My daughter was fanatical about R. L. Stevenson at one time--I think several of her copies of his work are still in the house. I think I'll check that out, and select one of his to read. Although I'm familiar with many of his stories, I don't think it's from reading any of them!

14benitastrnad
Edited: Jul 4, 2017, 3:02 pm

I have a copy of Miss Buncle's Book so will be reading it for this month. I ran across my copy of it last night while putting away some other books. It was a Christmas Swap gift from this last year and I am looking forward to reading it. I will also be listening to Treasure Island in my car.

15Familyhistorian
Jul 8, 2017, 10:31 pm

I found Miss Buncle's Book charming and will read the next in the series Miss Buncle Married.

16m.belljackson
Jul 9, 2017, 1:19 pm

>1 PaulCranswick:

Lovely tartan!

Any chance you could print one of the "Bells of the Border?"

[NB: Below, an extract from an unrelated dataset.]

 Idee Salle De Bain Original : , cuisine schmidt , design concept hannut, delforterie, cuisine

And, if Belle collects literary references to her name,
Alec Ramsey's Mom
in THE BLACK STALLION is a Belle.

17amanda4242
Jul 17, 2017, 2:42 pm

Mrs. Tim Christie is so damn charming that I don't care that nothing really happens. The first half is slow and is better taken in small chunks but the second half can be devoured in no time.

18laytonwoman3rd
Jul 24, 2017, 9:57 pm

I read Kidnapped for the first time. David Balfour's adventures in overcoming the treachery and greed of his Uncle Ebenezer, the hazards of shipwreck, hunger and redcoats, are fun to read about, but I did have a bit of trouble with suspension of disbelief. The story has a good many holes in it that young readers of a century or more ago would probably not have noticed or minded. Great swashbuckling stuff, though.

19FAMeulstee
Jul 26, 2017, 8:53 am

I stumbled upon the Dutch translation of The Strange Case of Dr Jekyll and Mr Hyde in the library yesterday, so I have starred the thread and will report later.

20FAMeulstee
Jul 27, 2017, 8:16 am

 De zonderlinge geschiedenis van dr Jekyll en mr Hyde by R.L. Stevenson

Picked this one up at the library, to find out back home that we have a copy in our own library.

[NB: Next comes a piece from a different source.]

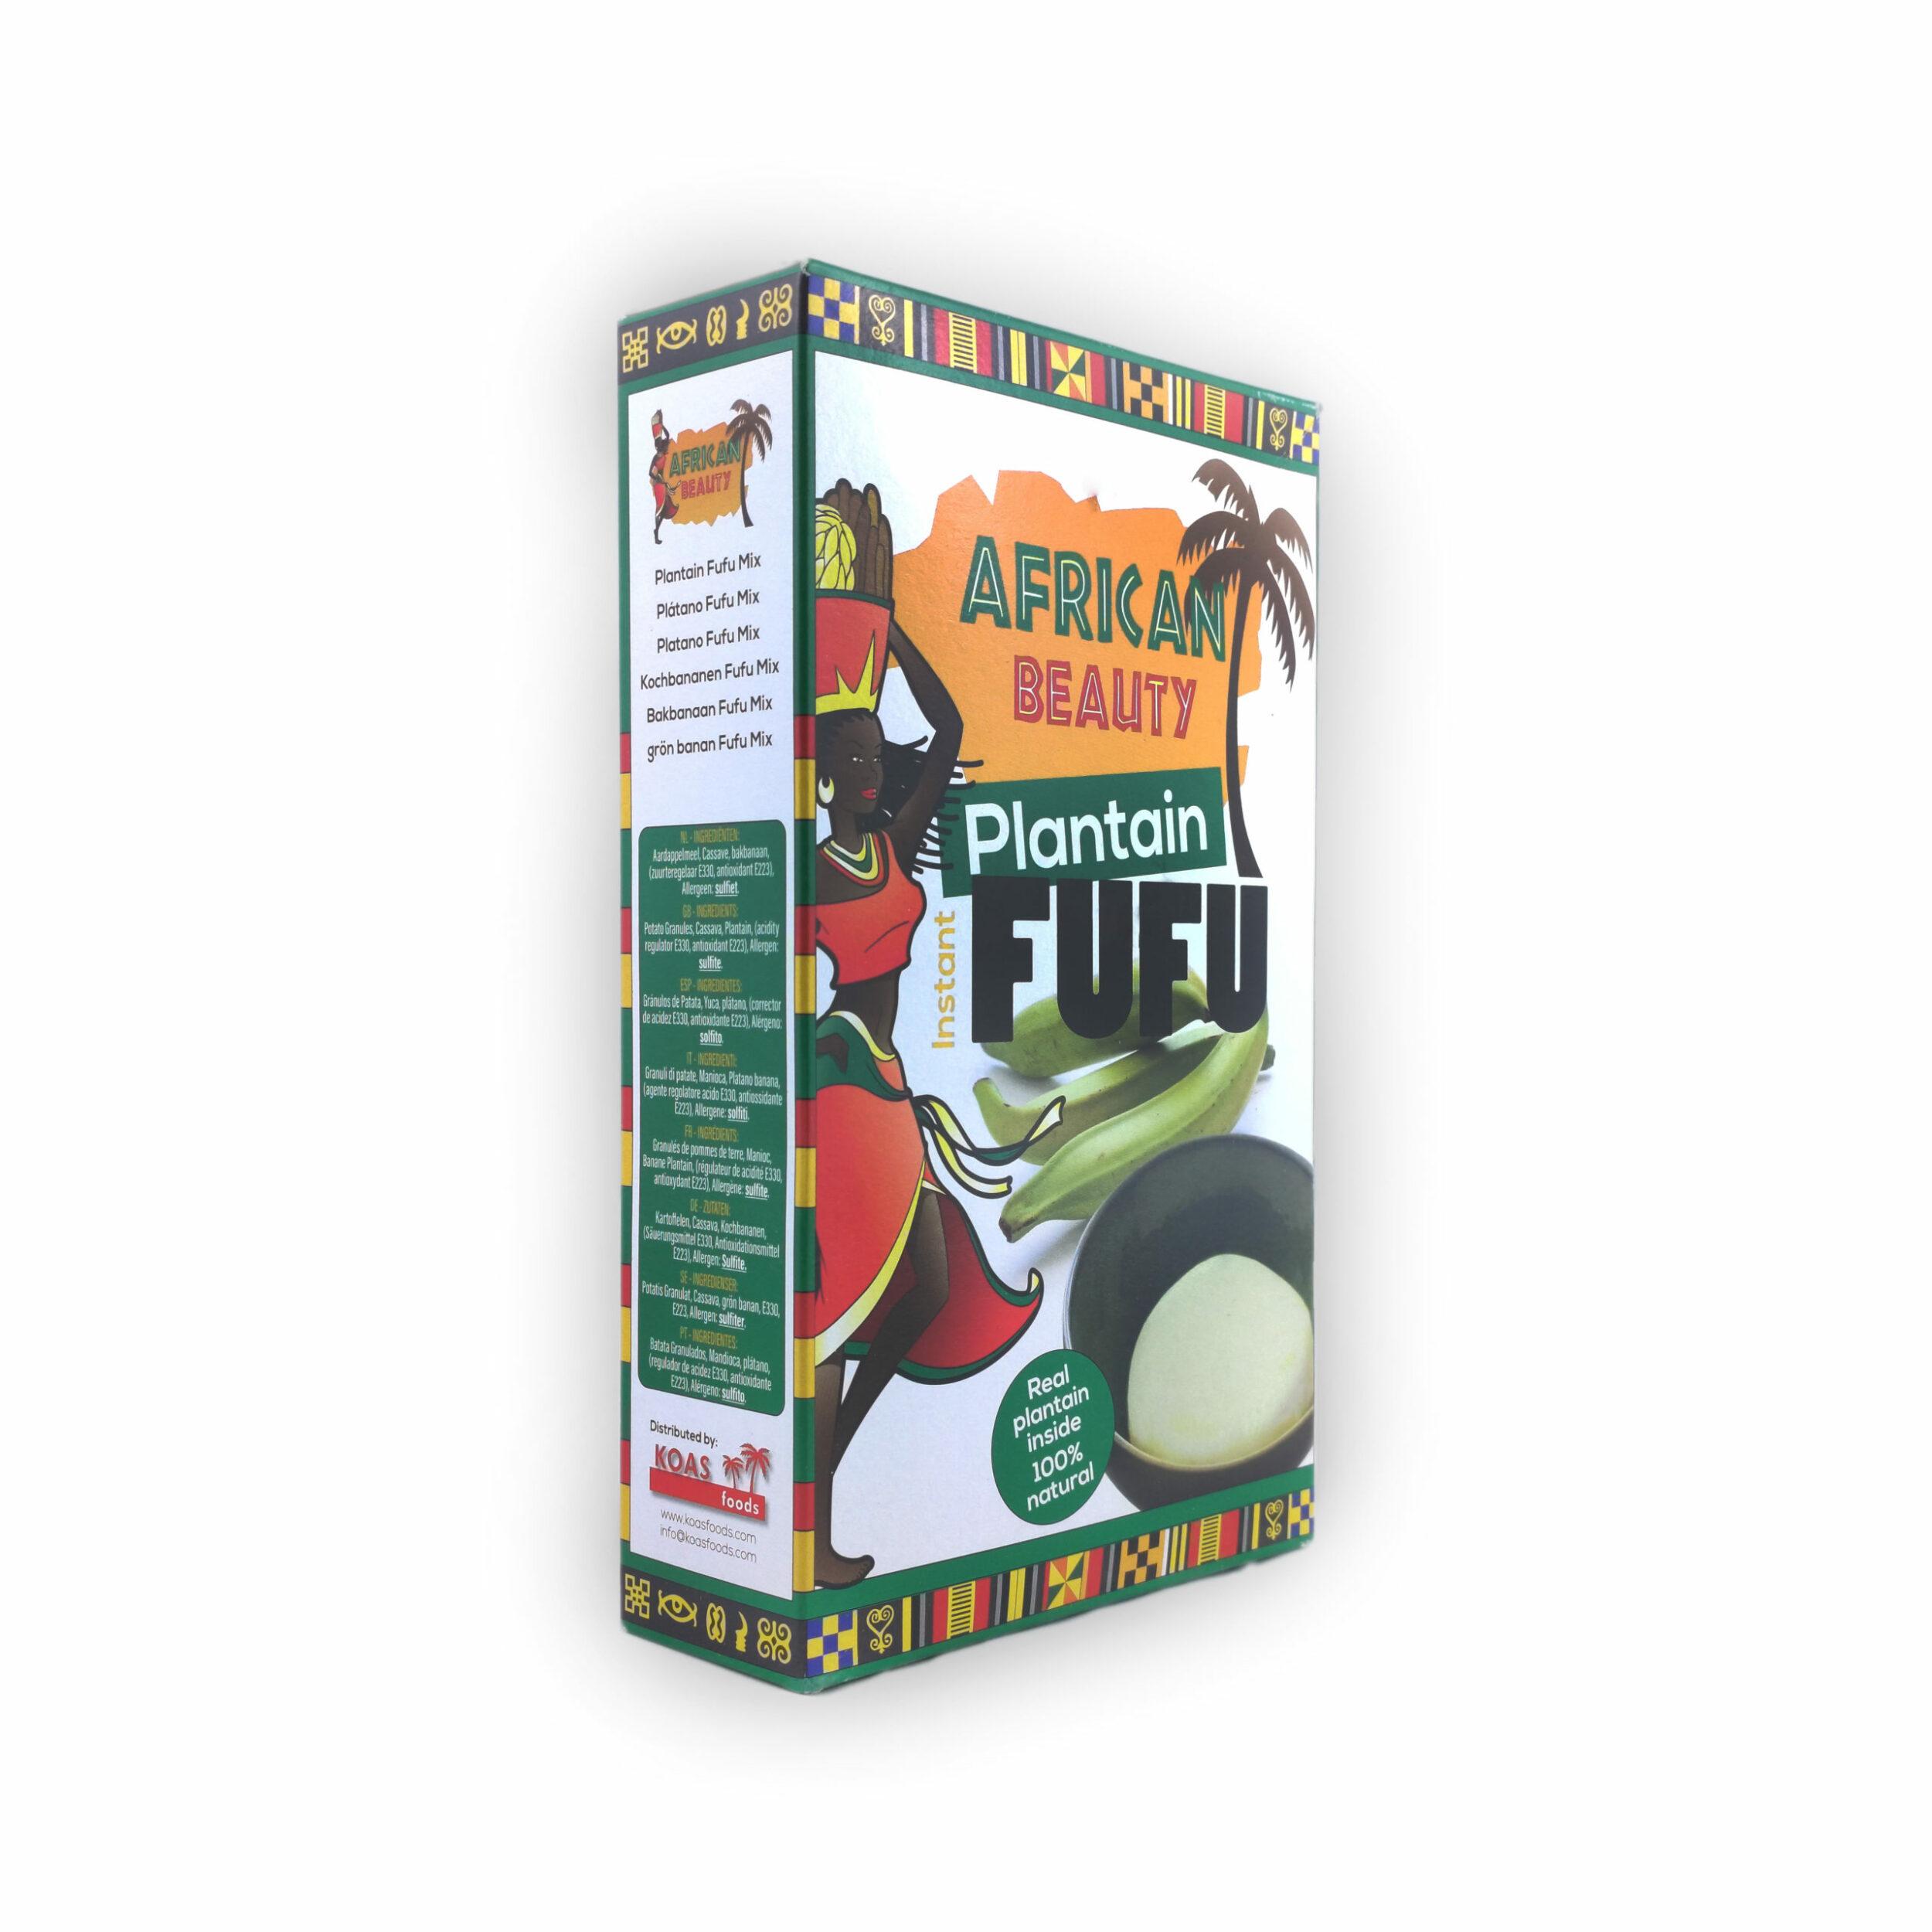 fufu-plantain-african-beauty-681g-3-site-web-moushenco

London, 19th century, Mr. Utterson, an attorney, tells us the story of Dr. Jekyll and Mr. Hyde.
I had never realised the book is a kind of mystery, not the horror story I was expecting. It is about good and evil, that is in every human. It deals with an escalated experiment to divide the good and the evil in one person.

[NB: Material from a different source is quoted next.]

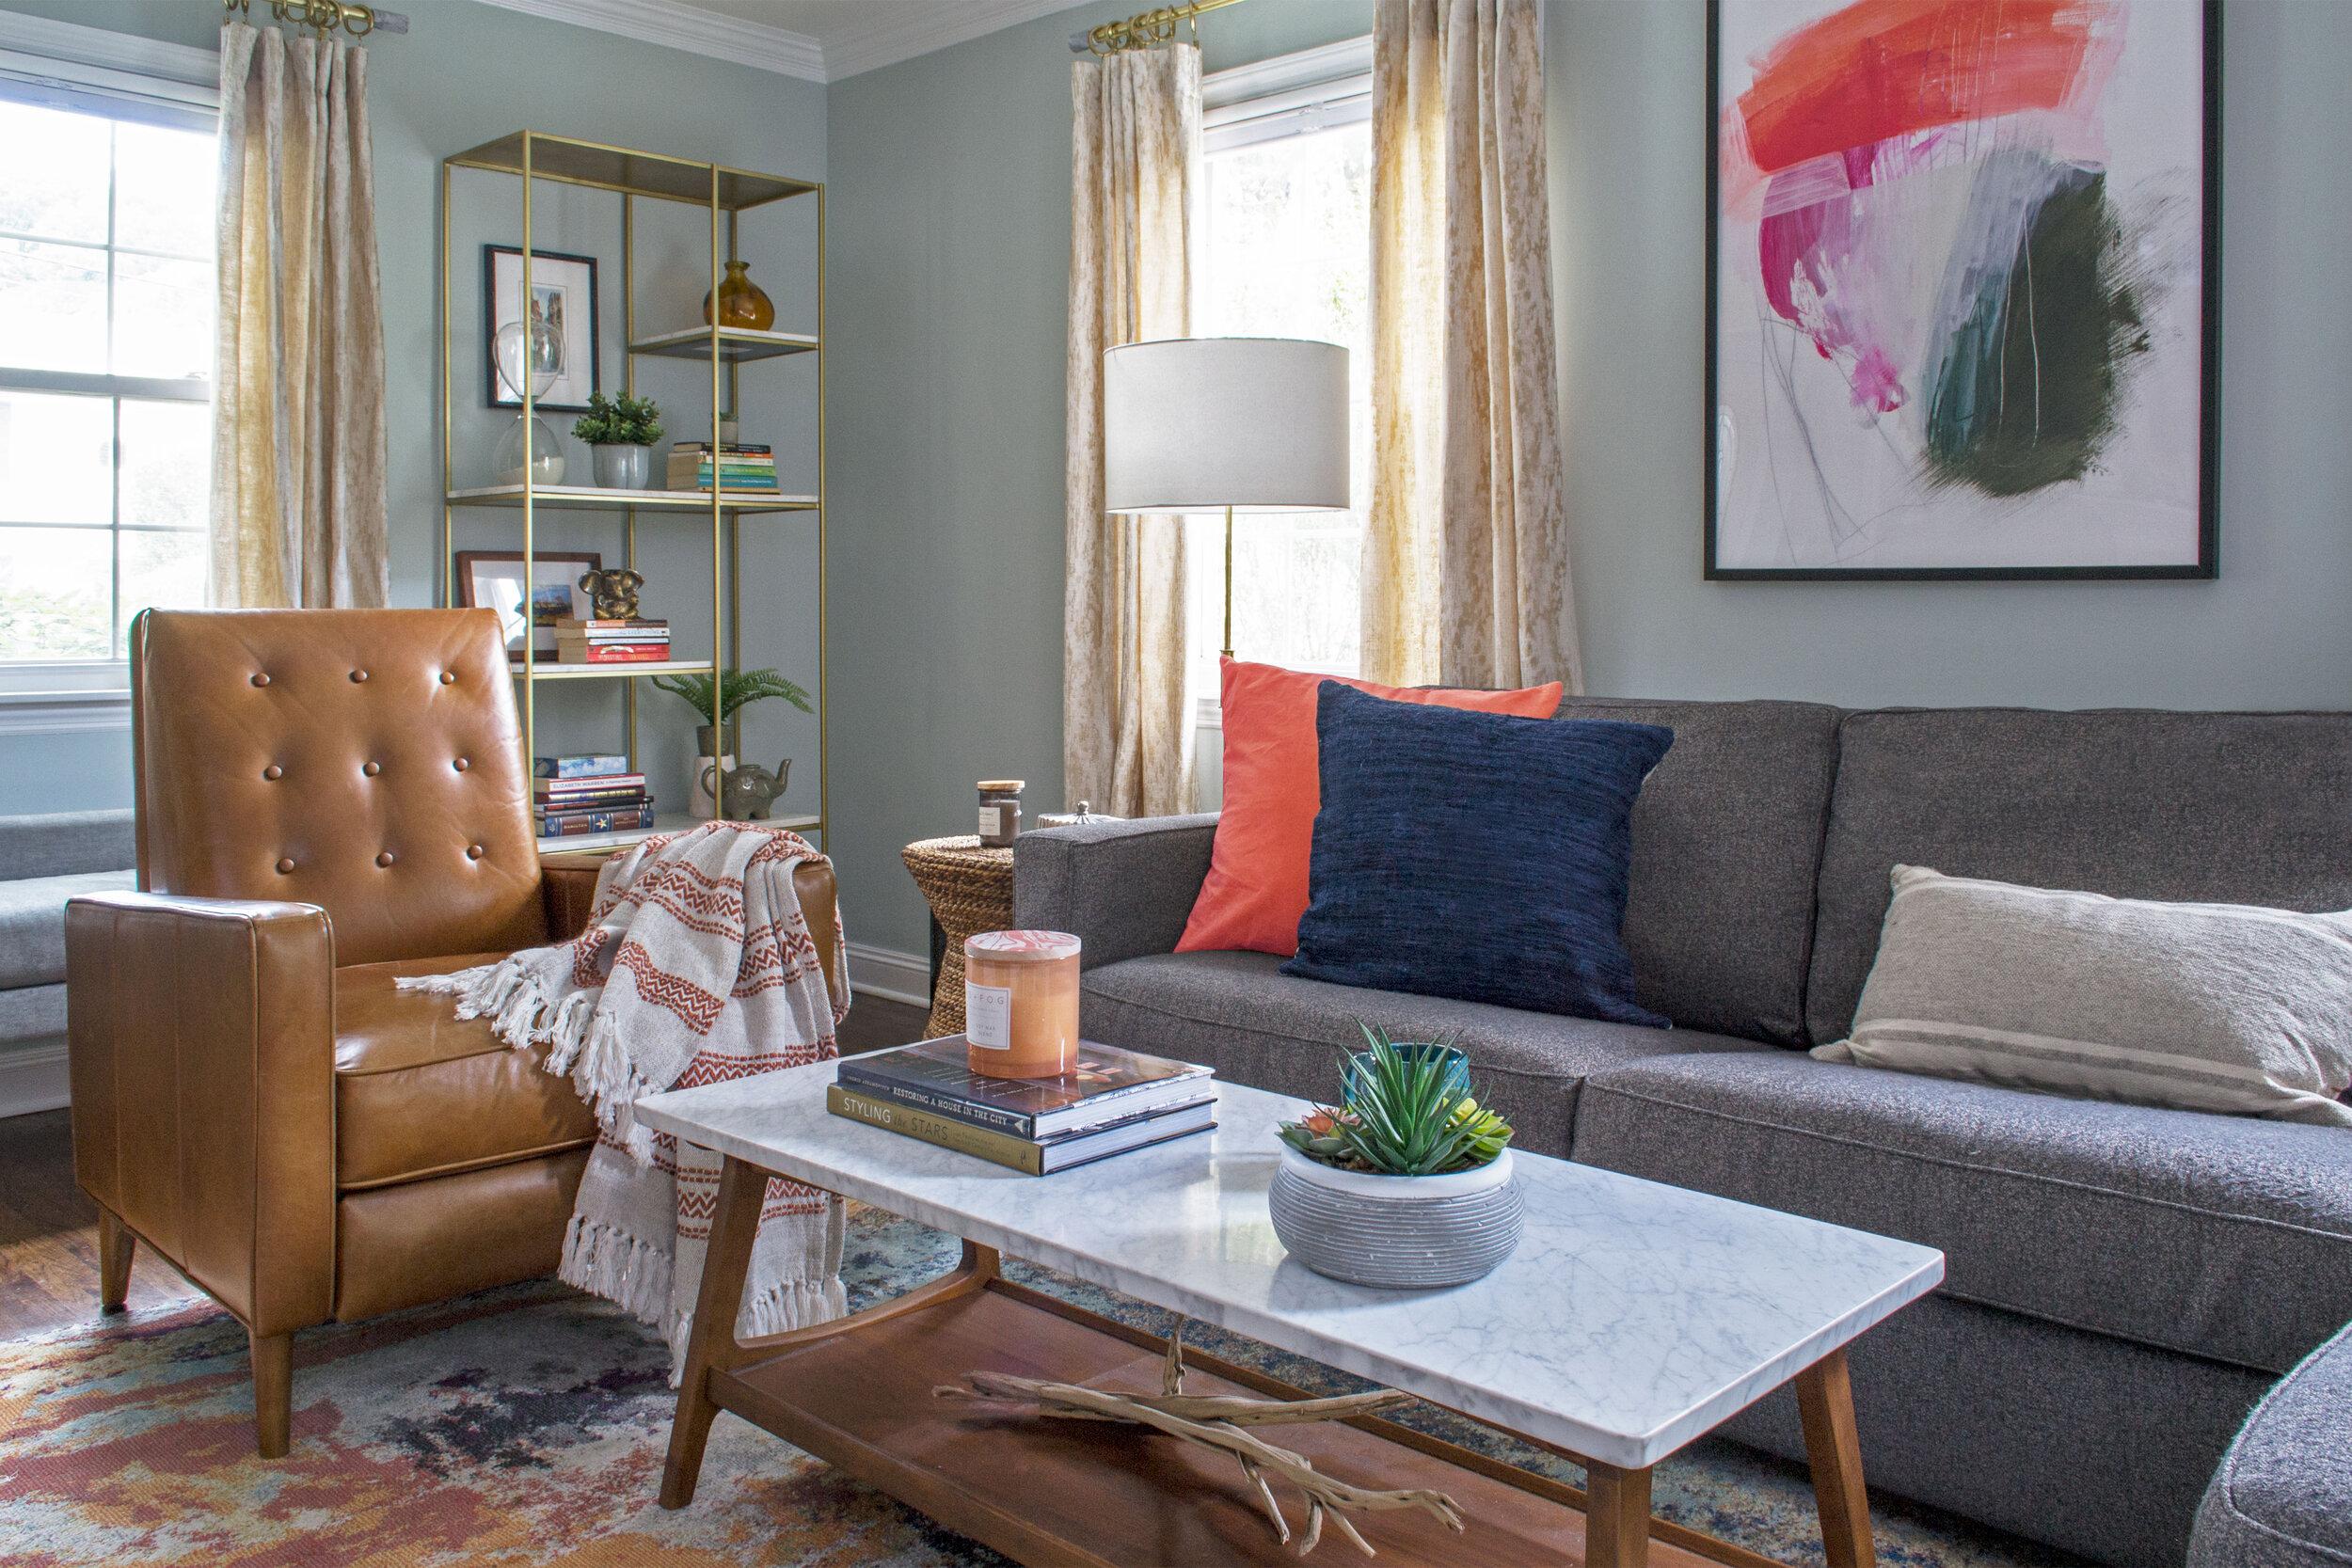 living-room-pop-of-color-tc-interiors-7.jpg

It was a good, not great, read.

21EBT1002
Jul 27, 2017, 11:49 pm

I think I have a Miss Buncle book (in lovely Persephone edition) so maybe I'll read that this month.

22Familyhistorian
Jul 29, 2017, 9:10 pm

I enjoyed the first Miss Buncle book and the second installment Miss Buncle Married was almost as good. Miss Buncle is now married but hasn't changed much. She is still getting into trouble as only she can. I will have to see if the third book in the series holds up.

23FAMeulstee
Aug 1, 2017, 3:32 am

Oh, and I completely forgot that I read an other Stevenson book at the start of this month:

 the Dutch translation of Travels with a Donkey in the Cévennes by Robert Louis Stevenson

In 1878 Stevenson travels nearly 200 kilometer in 12 days through the Cévennes with a donkey he named Modestine.
In the early 18th century there was a religious war in the Cevennes when king Louis XIV violently suppressed protestants (Huguenots). Stevenson himself is a protestant and tells the reader a lot about these troublesome times.

This book was originally published in 1879, the first Dutch translation was published in 2008.

Fun fact, near the end of his journey Stevenson travels through the tiny village Saint Etienne de Vallée Française, in 1972 we spend 3 weeks there, our very first holiday in France :-)

24kac522
Dec 11, 2017, 3:08 am

I finally read Treasure Island. Great writing, although some of the seafaring language was beyond me. Great writing, and what an interesting character Long John Silver is.

25kac522
Jan 1, 2018, 11:44 pm

Finished Mrs Tim of the Regiment which is a charming read. What wonderful descriptions of Scotland and its people. A witty, warm-hearted and peaceful way to finish out 2017 and start 2018.